Советские историки о смердах в киевской русиКниги / Киевская Русь. Очерки отечественной историографии / Советские историки о смердах в киевской русиСтраница 16
Б. А. Рыбаков отчетливо понимает гипотетичность своих построений. Он говорит: «Из высказанных выше гипотез и домыслов настаивать можно только на том, что институт смердов зародился на последней стадии родоп-леменного строя и был вызван к жизни дифференциацией общества в условиях военной демократии».
Второй этап истории смердов Б. А. Рыбаков датирует IX-X вв. В это время смерды — активные помощники князей в организации сбора дани, означавшего окняжение земли. Они тесно связаны с погостами, т. е опорными пунктами даннических сборов. Смерды осуществляли постройку погостов, жили в них или рядом, участвовали в сборе дани, оприходовали «повоз», берегли княжеское имущество, отправляли службу данников, гонцов, воинов-кметей, иными словами, практически выполняли распоряжения «низшего слоя княжеской администрации в этих домениальных островках-погостах». Кроме того, смерды принимали участие в организации сбора полюдья. Они, «очевидно, заполняли собой становища „большого полюдья", проходившего по землям древлян, дреговичей, кривичей и северы, и составляли гарнизон и прислугу этих острожков, большинство которых выросло впоследствии в города, упоминаемые летописью. Возможно, что в это подвижное время смерды, как княжеские люди, еще не обзавелись землей и селами». Б. А. Рыбаков и в данном случае сознает, что его соображения исходят из «логических допущений».

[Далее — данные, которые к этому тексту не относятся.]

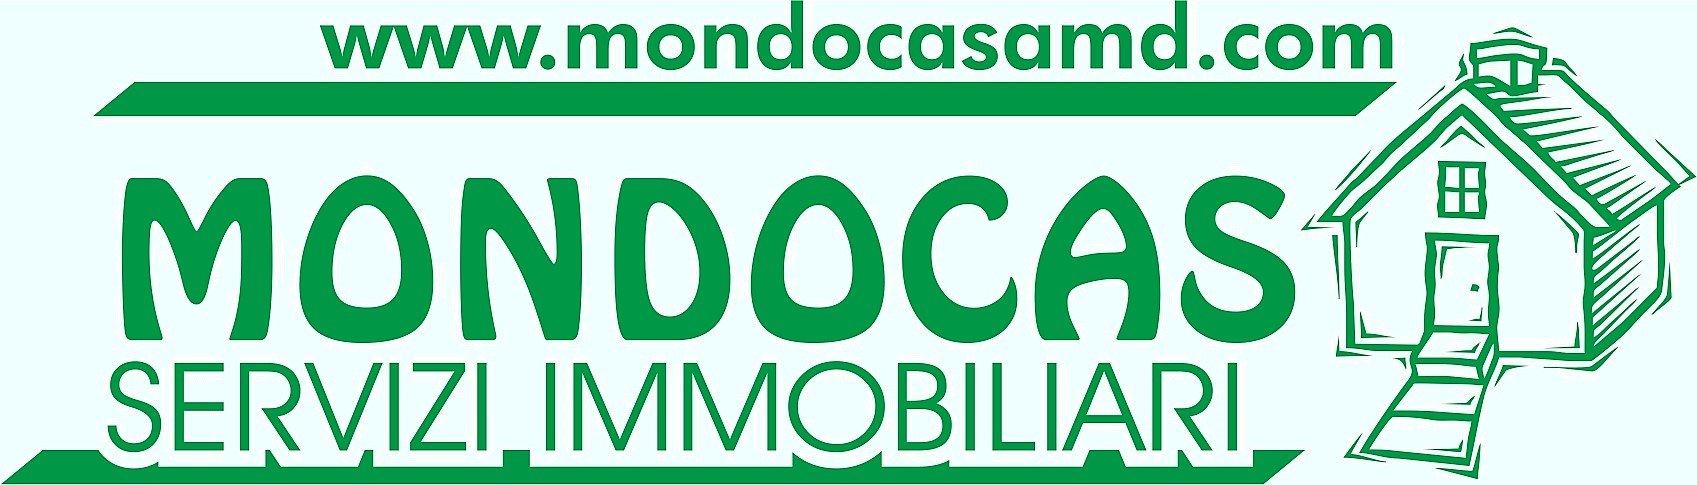 MONDO CASA SERVIZI IMMOBILIARI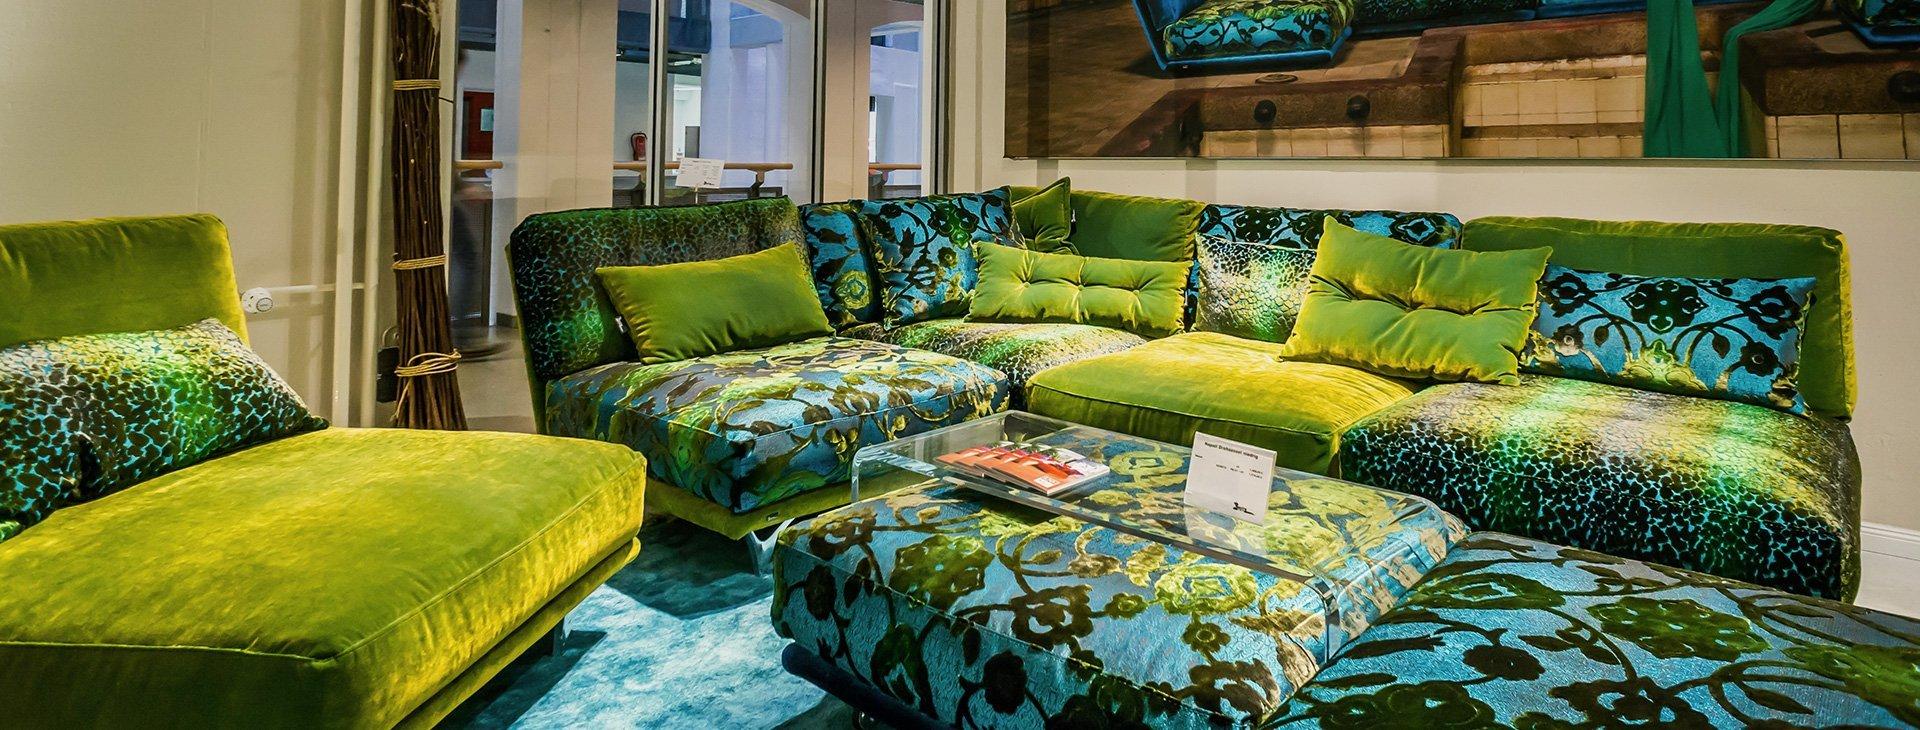 bretz ihre stores im stilwerk hamburg. Black Bedroom Furniture Sets. Home Design Ideas

Третий этап истории смердов Б. А. Рыбаков относит к Х-ХШ вв. В изображении автора смерды выступают «как значительная часть полукрестьянского феодально-зависимого населения Киевской Руси. По своему месту в обществе они занимали промежуточную позицию между „людьми" крестьянской верви и низшим разрядом свободных княжеских министериа-лов. Связь смердов с обложенным данью земельным наделом (селом) и военная служба с этого надела позволяют указать как на отдаленную аналогию на простое украинское казачество XVI-XVII вв., отчасти на мельчайшую польскую шляхту того же времени и на русских однодворцев. Аналогия неточна тем, что перечисленные категории были подчинены государству, тогда как смерды Киевской Руси были больше связаны с князем, с княжеским доменом, с той ранней формой феодализма, когда государственное и лично-княжеское начала еще недостаточно дифференцировались. Смерды сыграли очень важную роль в процессе феодализации восточнославянских племен. Они не были представителями феодального начала, так как относились к верхней прослойке эксплуатируемого земледельческого населения, но своей службой князю они содействовали распространению феодализма вширь. Пройдя исторически большой путь от клиентелы времен военной демократии до полукрестьянского полуслужилого населения феодальной Руси, они оставили заметный след в юридических источниках и летописях как определенный исторический феномен, а в пору дальнейшего развития феодализма слились с крестьянством». Б. А. Рыбаков полагает, что его характеристика смердов XI-XII вв. опирается на всю сумму данных, содержащихся в письменных памятниках. Но, пользуясь лексикой самого автора, мы могли бы добавить к этому, что «логические допущения», «гипотезы», «домыслы» сыграли и на этот раз не последнюю роль.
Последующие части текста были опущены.